Program crashing? What's going on?
Software will occasionally crash while working on the compute grid for apparently no reason, which can be very frustrating. The typical reaction is to launch the program again to continue one's work. But why did this happen in the first place? And will this happen again?
The most common problem is an Out of Memory error. As opposed to work on desktops or laptops, events on the compute grid are carefully logged. The big benefit is that we have an audit trail of what is going on, and should be able to easily diagnose this. This requires a few simple commands in the terminal.

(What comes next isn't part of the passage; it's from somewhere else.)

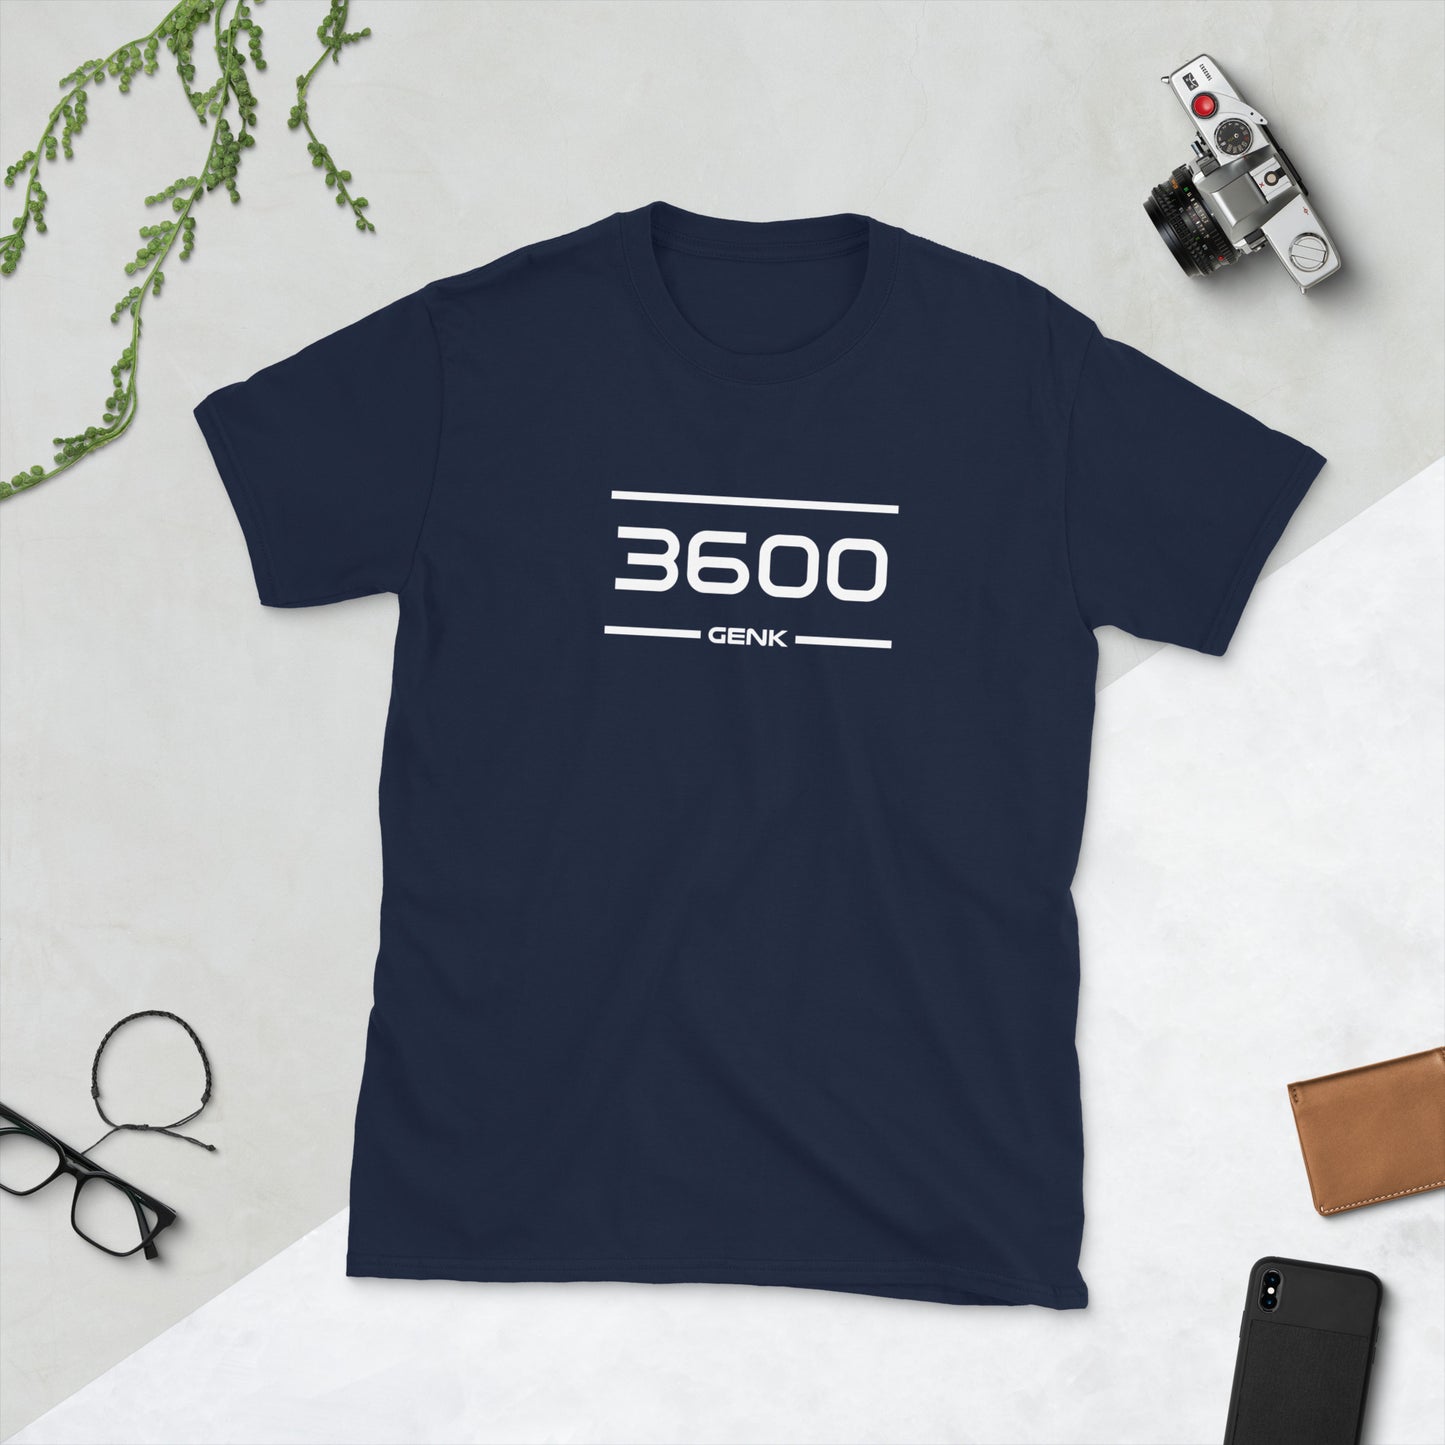 Tshirt - 3600 - Genk

If using NoMachine, launch the terminal from Applications > Accessories > gnome-terminal:
As each program launch is considered a job, find out what jobs you previously ran with the bhist command:
We can see a few programs that have been running recently. If you haven't yet, launch the program again. The top line (#1) listed is your most recent crashed program launch. Let's get more details on that program run:
So, this command and -l (long) option gives us quite a few more details. We can see what we ran, when we started it, how many CPUs it is using, thr and the RAM footprint requested (#2). If we look at the bottom, we can see the run time in seconds, as well as the maximum memory used (#3). But prior to that, in our date/time log details, we can also see that an error condition was noted: Out of Memory (#4). This makes sense, as the maximum memory listed at the bottom is greater than the RAM footprint requested. On compute clusters such as the HBS Compute Grid, when your memory usage goes beyond the memory requested, the system (the scheduler) kills your program so that you do not jeopardize all the other programs (other people's work) running on that same machine.
And so this is the source of our program crash. The fix: run with a slightly larger memory footprint on your next run. For more information on figuring out how much RAM to ask for, see http://grid.rcs.hbs.org/choosing-your-resources.
We hope this information helps you be more productive!